* **What you have to do**
Apart from the pictures, print the data below exactly as given.

Available data below:

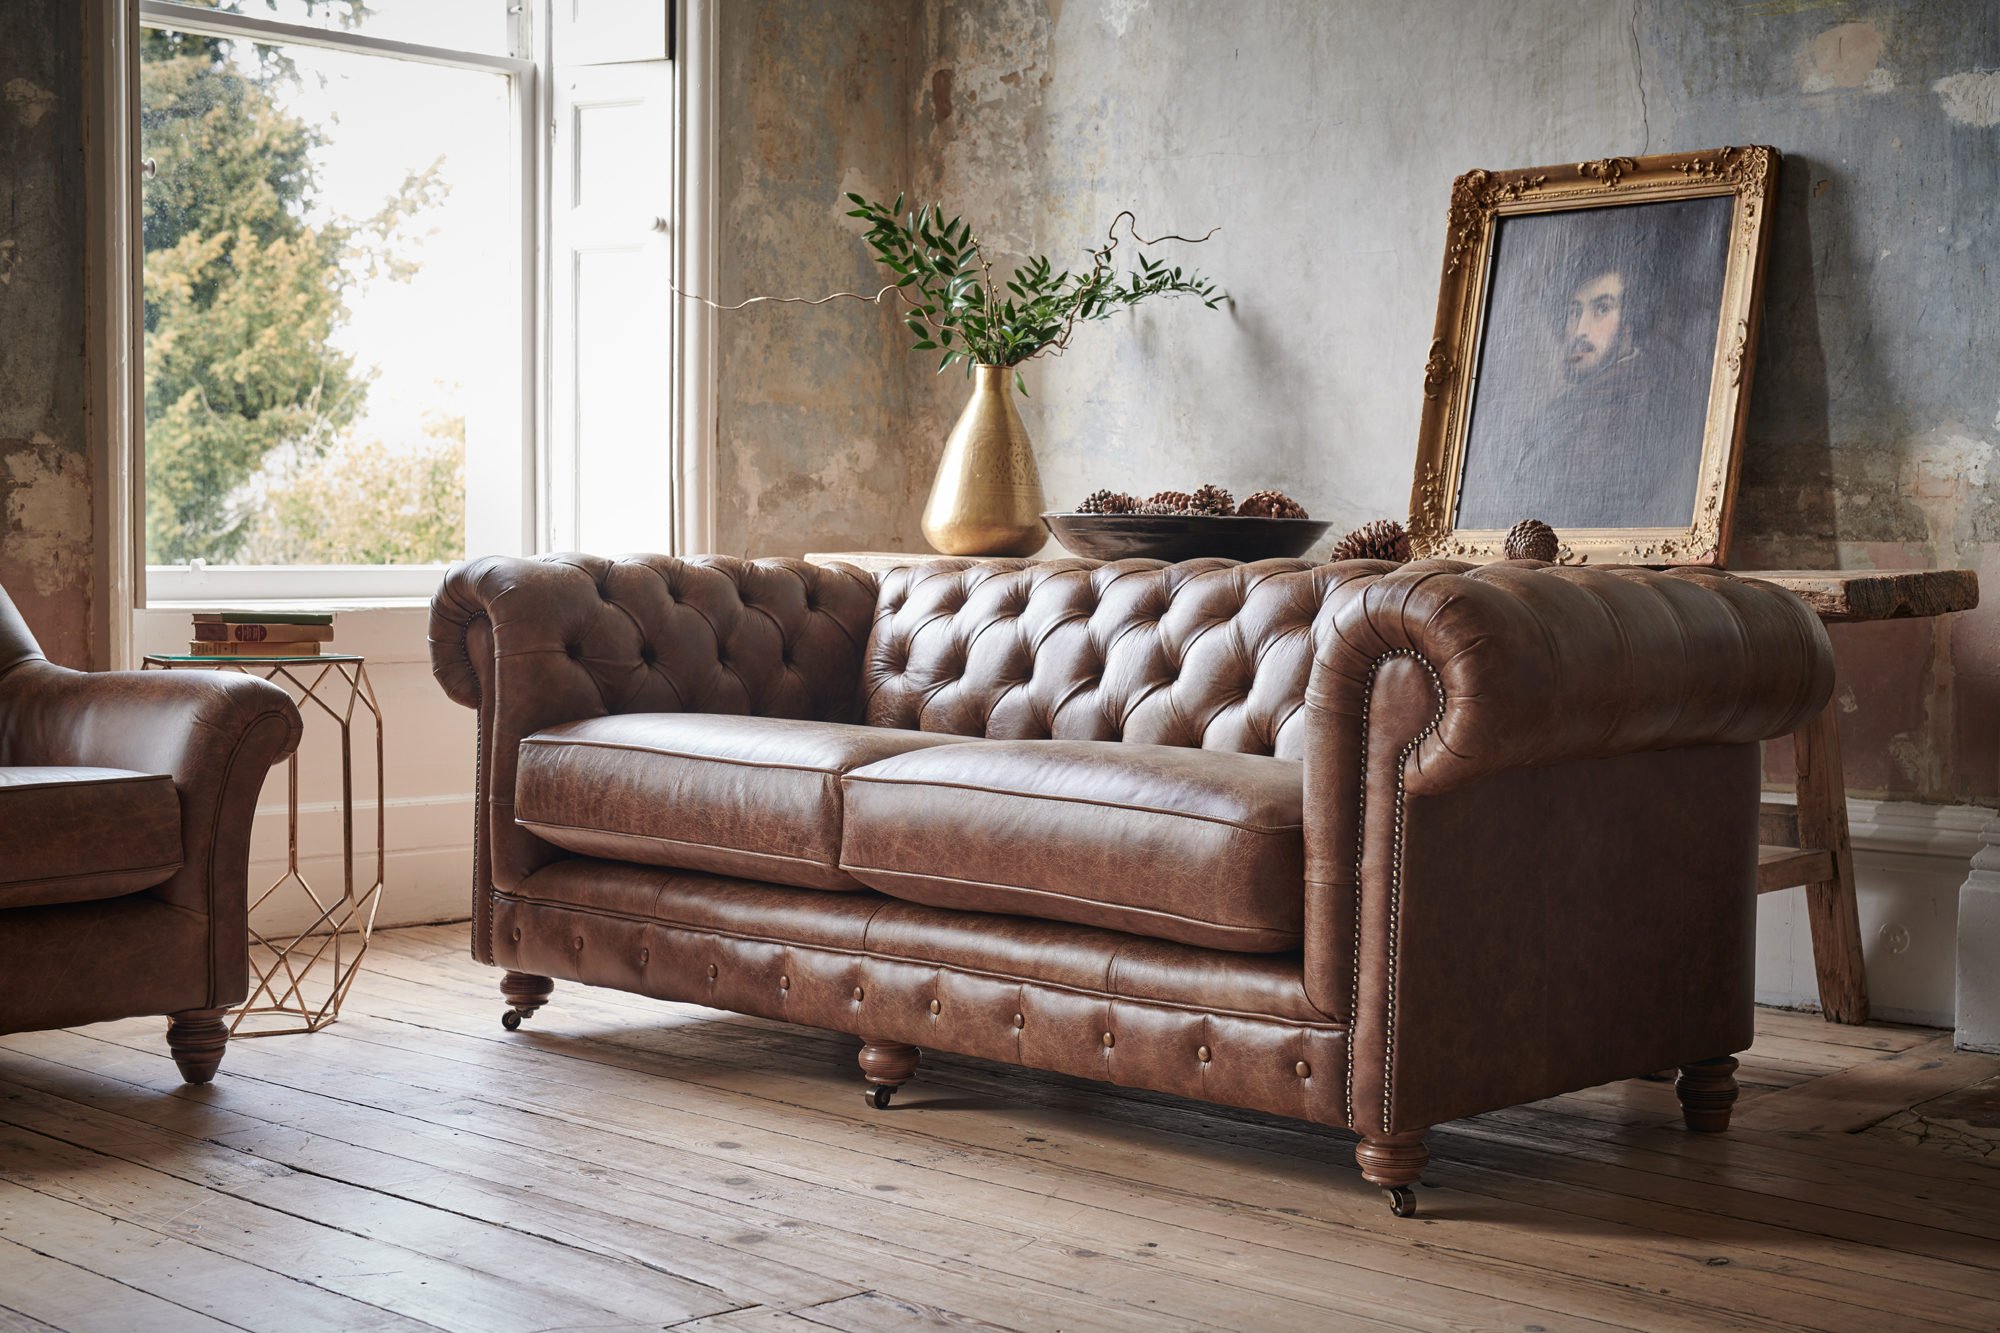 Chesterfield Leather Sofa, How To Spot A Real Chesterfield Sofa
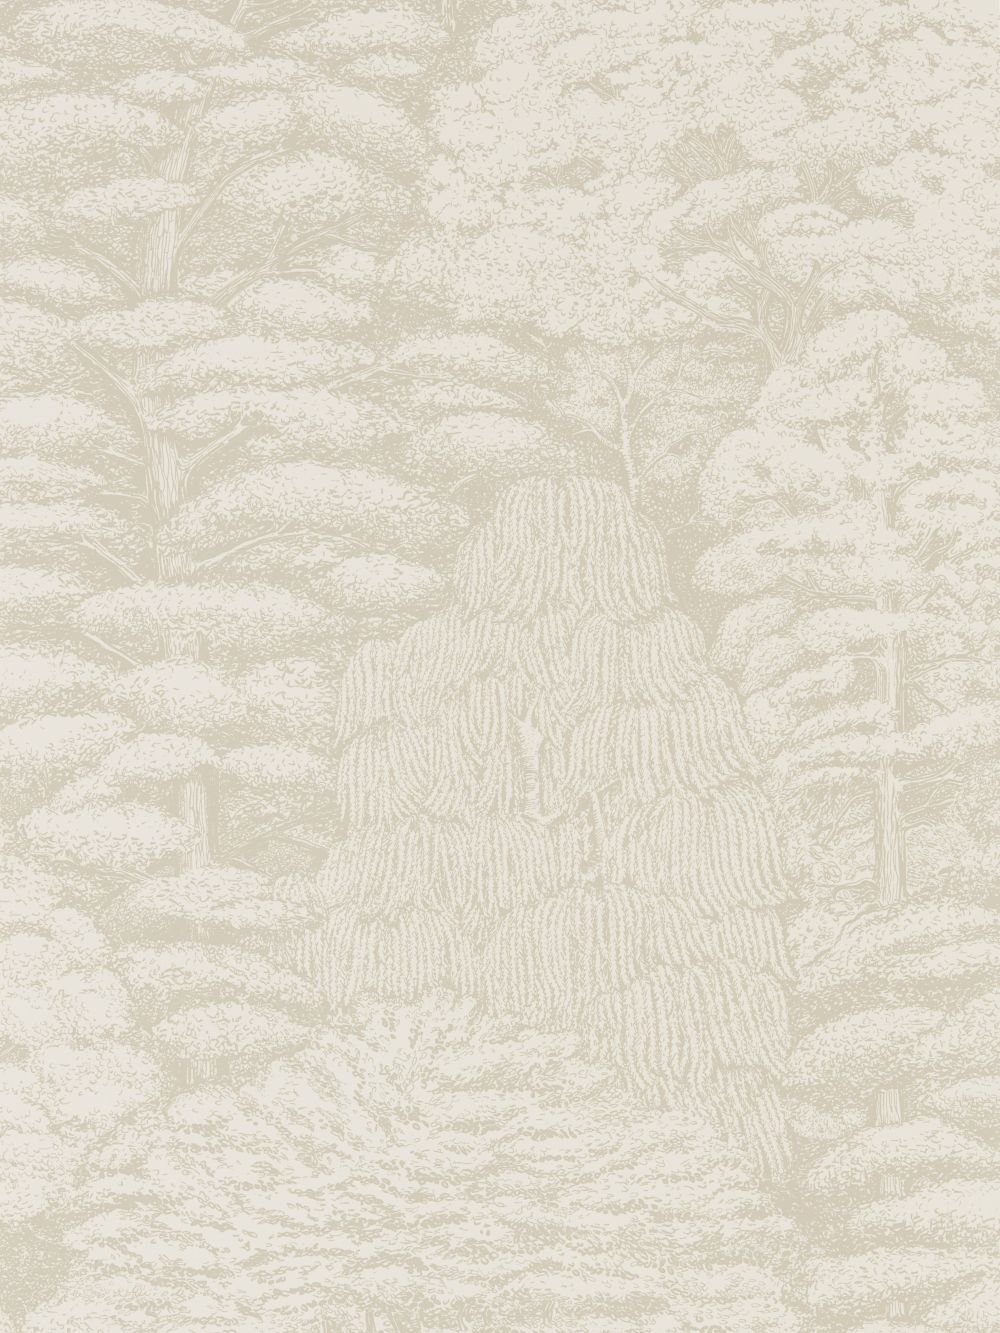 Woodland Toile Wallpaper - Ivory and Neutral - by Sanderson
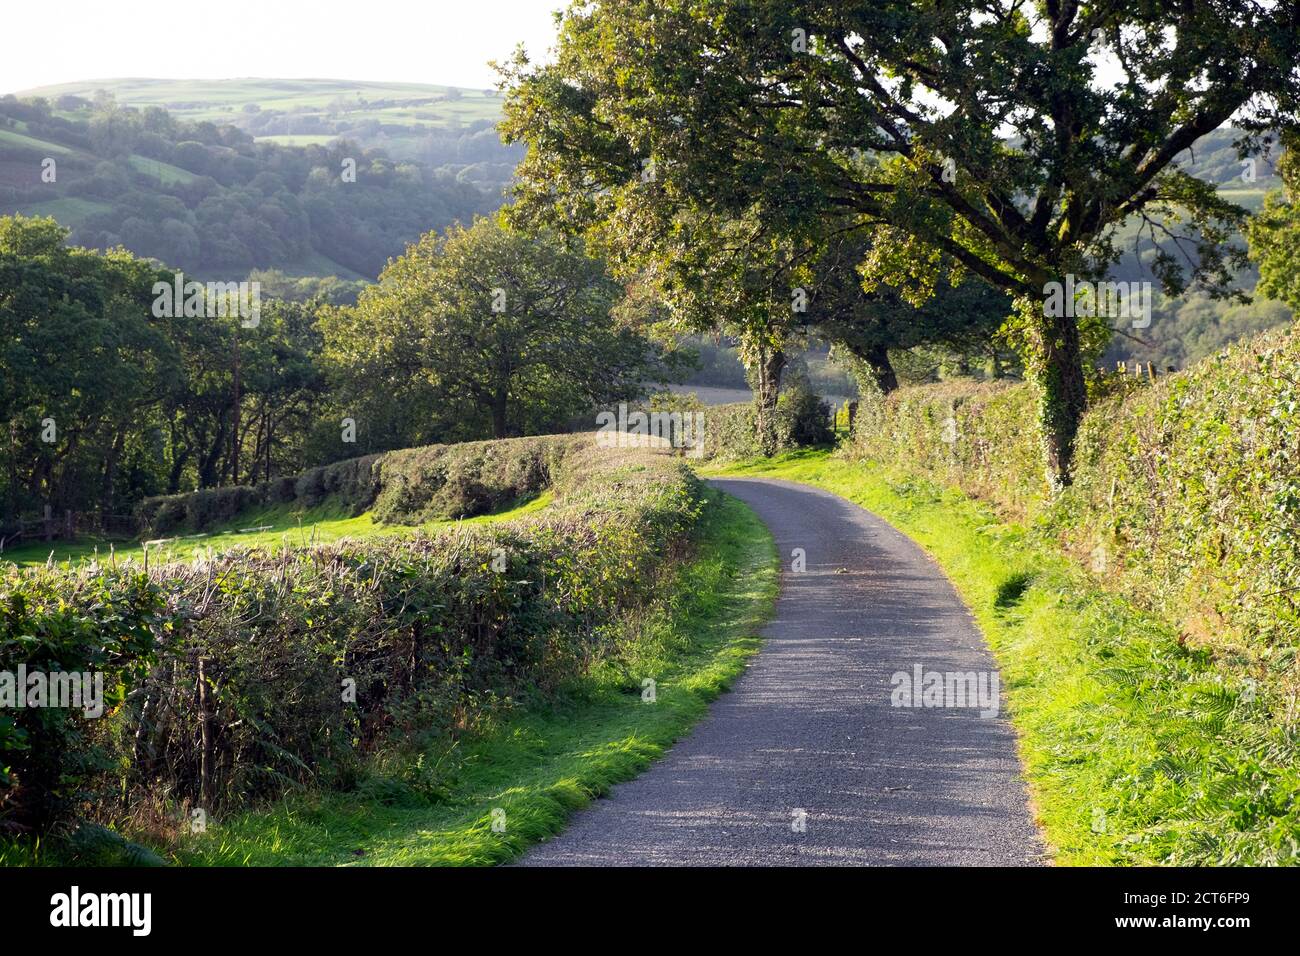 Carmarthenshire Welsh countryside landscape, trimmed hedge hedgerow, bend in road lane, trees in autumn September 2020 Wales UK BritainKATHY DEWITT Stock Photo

End of Available data.

* **Answer to the exercise**
 Chesterfield Leather Sofa, How To Spot A Real Chesterfield Sofa
 Woodland Toile Wallpaper - Ivory and Neutral - by Sanderson
 Carmarthenshire Welsh countryside landscape, trimmed hedge hedgerow, bend in road lane, trees in autumn September 2020 Wales UK BritainKATHY DEWITT Stock Photo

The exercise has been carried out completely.